In Sin Herh Construction Pte Ltd v Hyundai Engineering & Construction Co Ltd and another, the High Court of the Republic of Singapore addressed issues of Civil procedure — Injunctions, Civil procedure — Judgments and orders.

Case Details

  • Citation: [2017] SGHC 3
  • Case Title: Sin Herh Construction Pte Ltd v Hyundai Engineering & Construction Co Ltd and another
  • Court: High Court of the Republic of Singapore
  • Decision Date: 09 January 2017
  • Judge: Kan Ting Chiu SJ
  • Coram: Kan Ting Chiu SJ
  • Case Number: Originating Summons No 14 of 2016
  • Parties: Sin Herh Construction Pte Ltd (Plaintiff/Applicant); Hyundai Engineering & Construction Co Ltd (First Defendant/Respondent); China Taiping Insurance (Singapore) Pte Ltd (Second Defendant/Respondent)
  • Counsel for Plaintiff: Lee Mun Hooi, Goh Teck Wee and Wong Tze Roy (Lee Mun Hooi & Co)
  • Counsel for First Defendant: Chan Kah Keen Melvin and Tan Pei Qian Rachel (TSMP Law Corporation)
  • Second Defendant’s Role: Issuer of the performance bond; did not play any part in the proceedings
  • Legal Areas: Civil procedure — Injunctions; Civil procedure — Judgments and orders; Credit and security — Bonds
  • Procedural Posture: Application for an interim injunction restraining the call on a performance bond and for an Erinford Order
  • Underlying Contract: Agreement dated 8 April 2013 for reinforced concrete works at “Punggol Central/Punggol Walk – Waterway Point 2 Watertown”
  • Security Instrument: Performance bond issued by China Taiping Insurance (Singapore) Pte Ltd
  • Bond Amount: S$404,035.01
  • Bond Expiry and Extension: Initially 9 July 2015; extended to 9 October 2015
  • Demand Window: Demand allowed up to 90 days after expiry; demand deadline worked out to 7 January 2016
  • Demand Date: 5 January 2016
  • Interim Injunction Application Date: 8 January 2016
  • Core Allegation: The First Defendant’s demand was “unconscionable”
  • Alleged Basis for Unconscionability: (a) an alleged understanding not to call on the bond; (b) “back-charges” allegedly not entitled to or grossly inflated
  • Supplementary Agreement: Supplementary Sub-Contract Agreement dated 30 June 2015
  • Supplementary Agreement Payment Terms (high level): S$550,000 (inclusive of GST) upon signing; further S$300,000 (inclusive of GST) payment certificate for remaining RC works; withdrawal of Payment Certificate No. 22 for S$73,326.97; no further payment obligations apart from final payment certificate
  • Appeal Note: Appeal to this decision in Civil Appeal No 97 of 2016 dismissed by the Court of Appeal on 27 July 2017 with no written grounds
  • Judgment Length: 8 pages, 3,869 words

Summary

In Sin Herh Construction Pte Ltd v Hyundai Engineering & Construction Co Ltd and another [2017] SGHC 3, the High Court (Kan Ting Chiu SJ) refused to restrain the holder of a performance bond from making a call on it and refused to grant an Erinford Order. The plaintiff, Sin Herh Construction Pte Ltd (“Sin Herh”), sought interim relief after the first defendant, Hyundai Engineering & Construction Co Ltd (“Hyundai”), demanded payment under a performance bond issued by China Taiping Insurance (Singapore) Pte Ltd (“China Taiping”).

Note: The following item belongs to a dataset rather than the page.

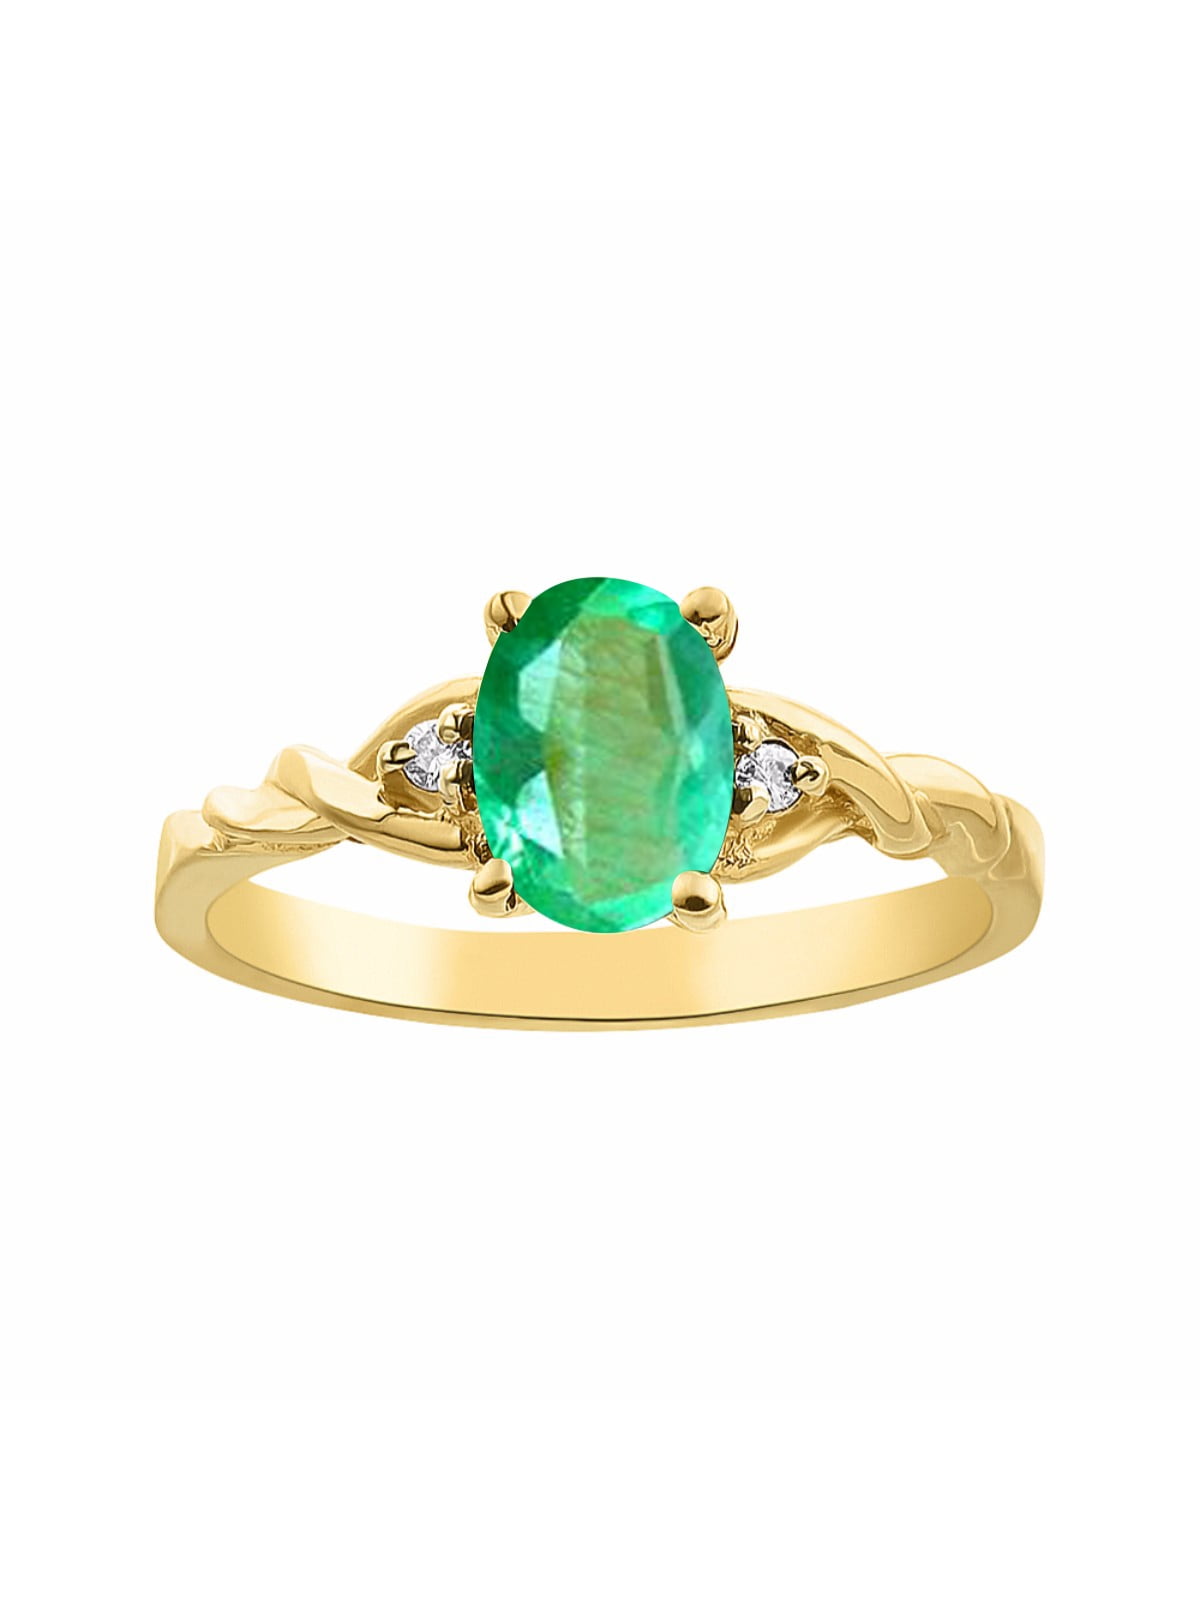 sizes 5-10 14K Yellow Gold Natural Peridot Ring Oval 6x4mm Diamond Accent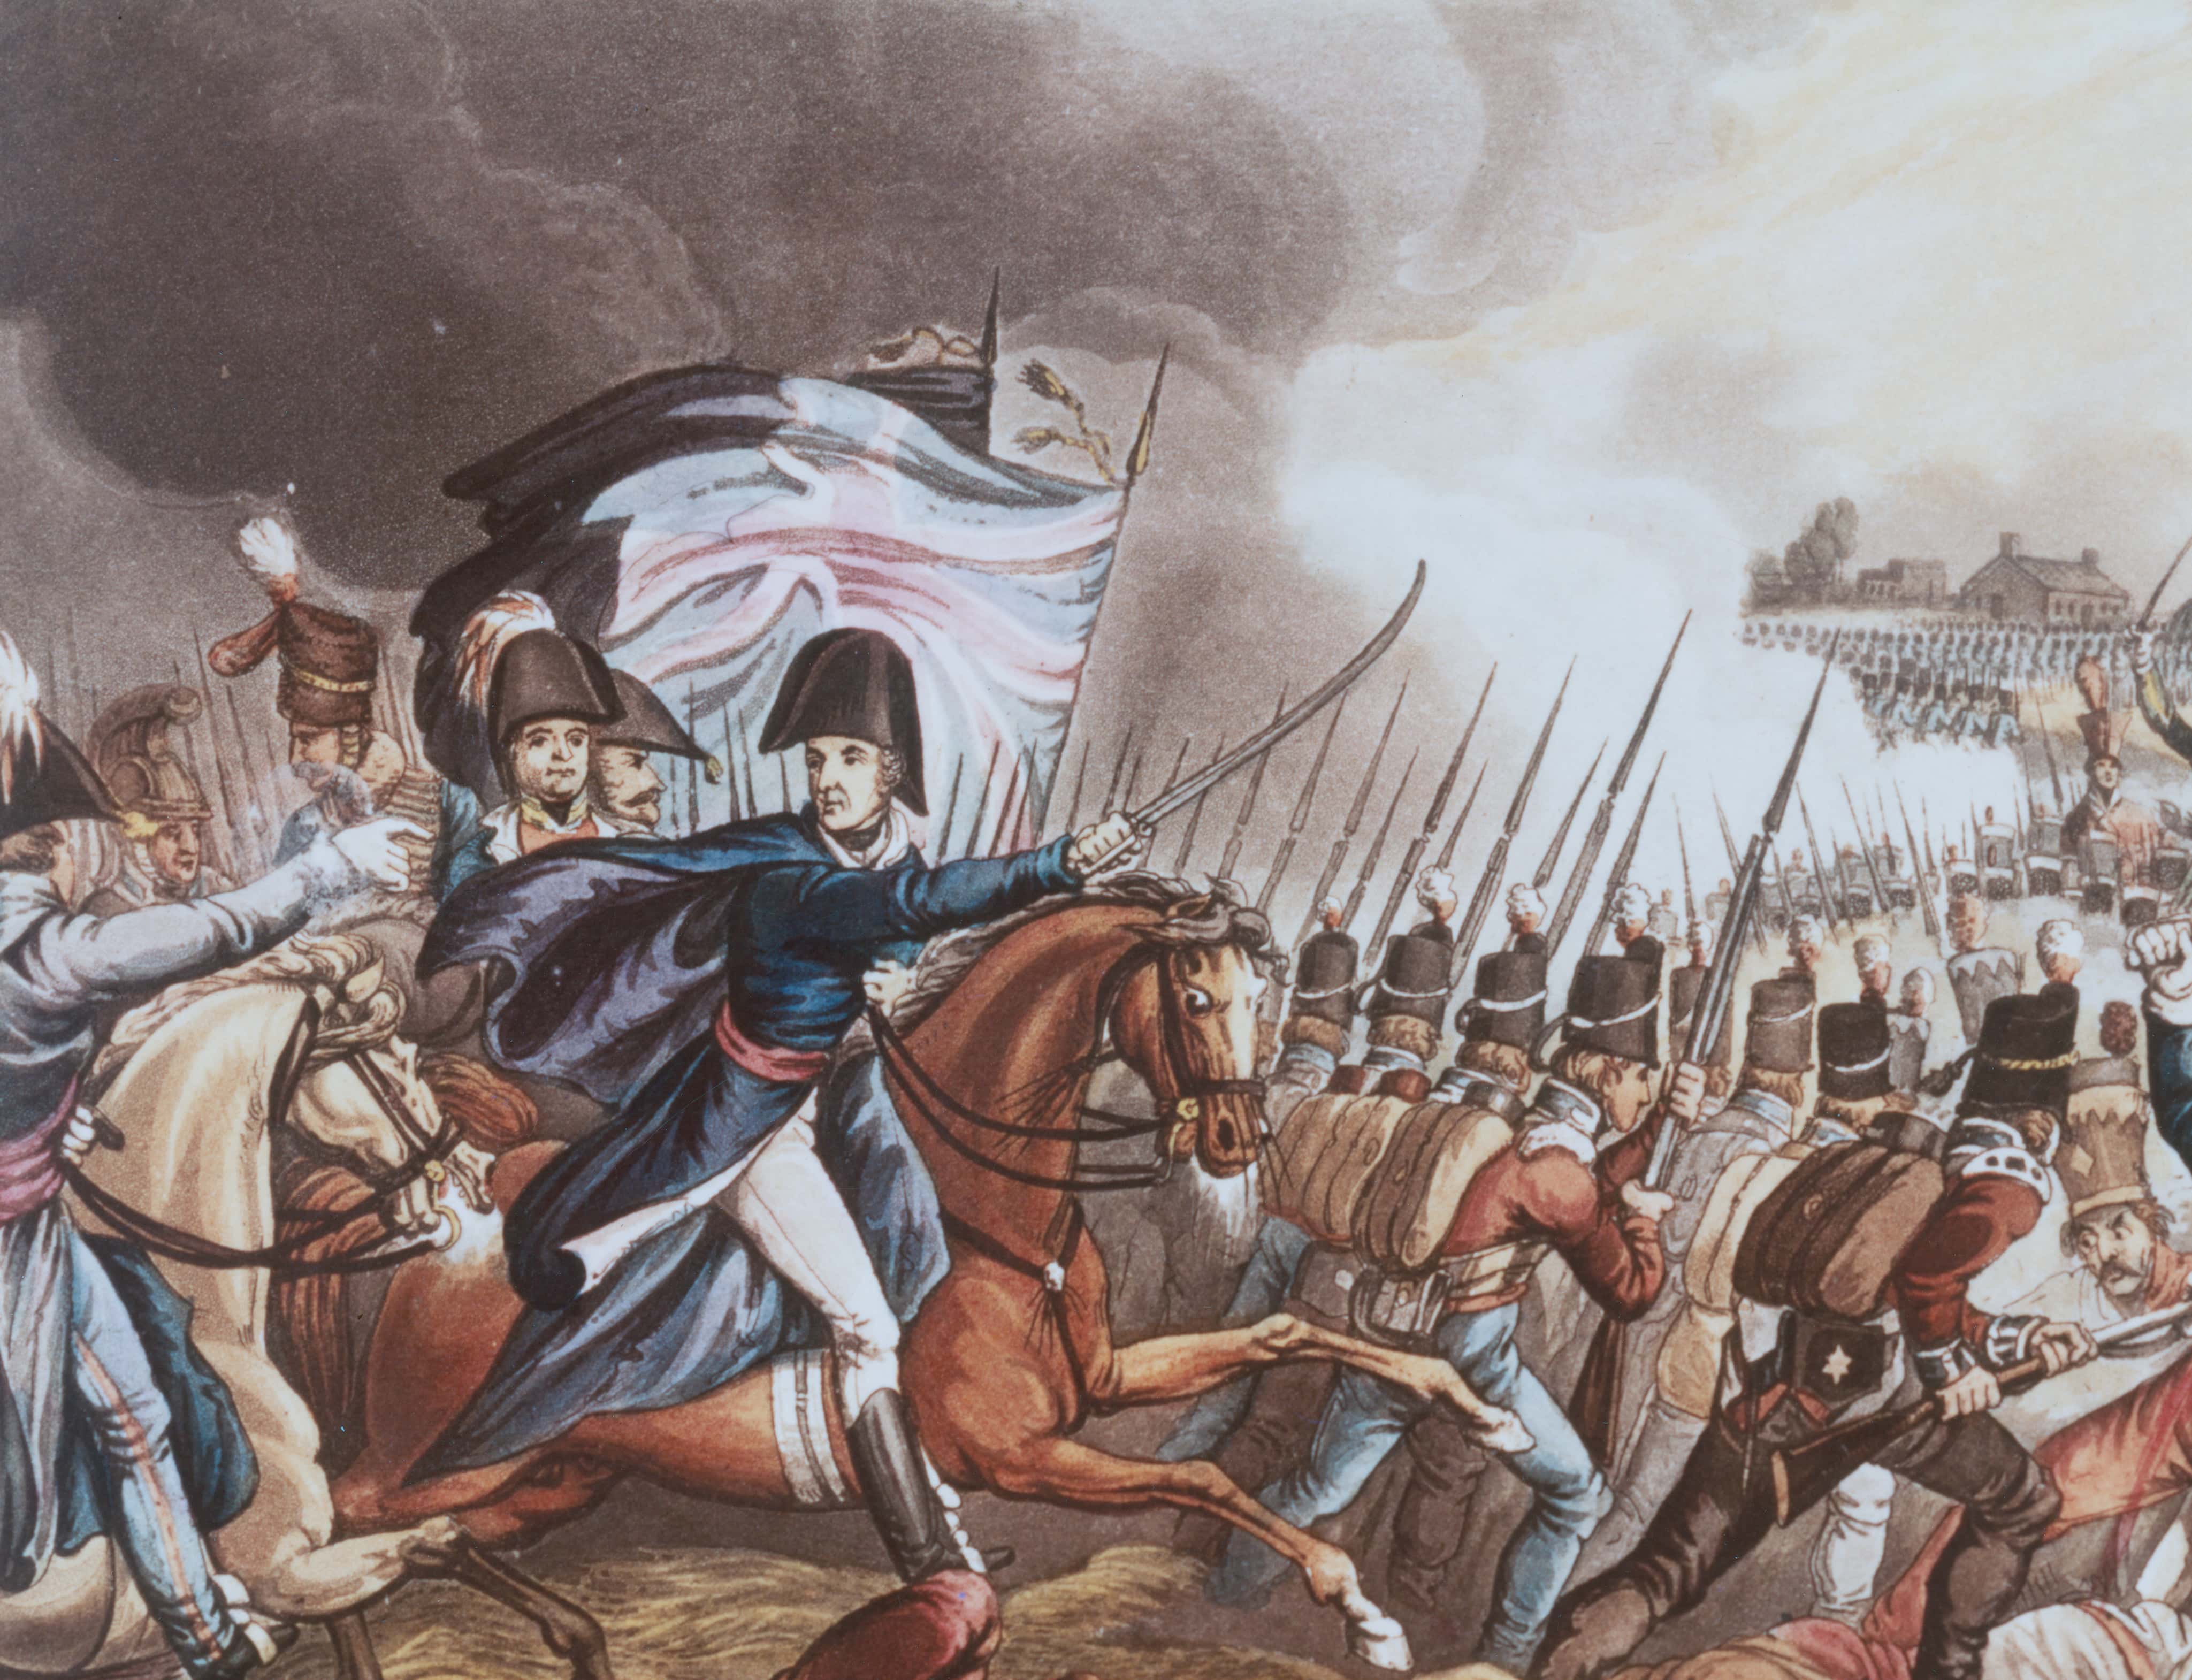 Was Napoleonic Wars brutal?

The court accepted that the bond was a form of security intended to be called upon in accordance with its terms, but emphasised the narrow circumstances in which the court will interfere with a bond call. Sin Herh’s case was that Hyundai’s demand was “unconscionable” because (i) Hyundai had allegedly agreed not to call on the bond pending finalisation of accounts, and (ii) Hyundai had imposed back-charges that were allegedly unauthorised or grossly inflated, thereby creating the basis for the demand. The court found that Sin Herh had not established a sufficiently strong case of unconscionability on the evidence before it.

What Were the Facts of This Case?

Sin Herh and Hyundai were parties to an agreement dated 8 April 2013 under which Sin Herh was engaged to carry out reinforced concrete works for a construction project described as “Punggol Central/Punggol Walk – Waterway Point 2 Watertown”. Under the agreement, Sin Herh provided a performance bond as security for due performance of the contracted works. The bond was issued by China Taiping in the sum of S$404,035.01. The bond was initially due to expire on 9 July 2015 and was subsequently extended to 9 October 2015. Importantly, the bond permitted demand to be made at any time up to 90 days after expiry, which meant the demand window closed on 7 January 2016.

It was common ground that Sin Herh did not carry out the contracted works in compliance with the agreement. Sin Herh failed to meet set deadlines and withdrew a substantial number of workers from the worksite. These performance issues concerned Hyundai and led to two meetings between senior officials of the parties on 29 and 30 June 2015. The meetings culminated in a written Supplementary Sub-Contract Agreement dated 30 June 2015 (“the Supplementary Agreement”).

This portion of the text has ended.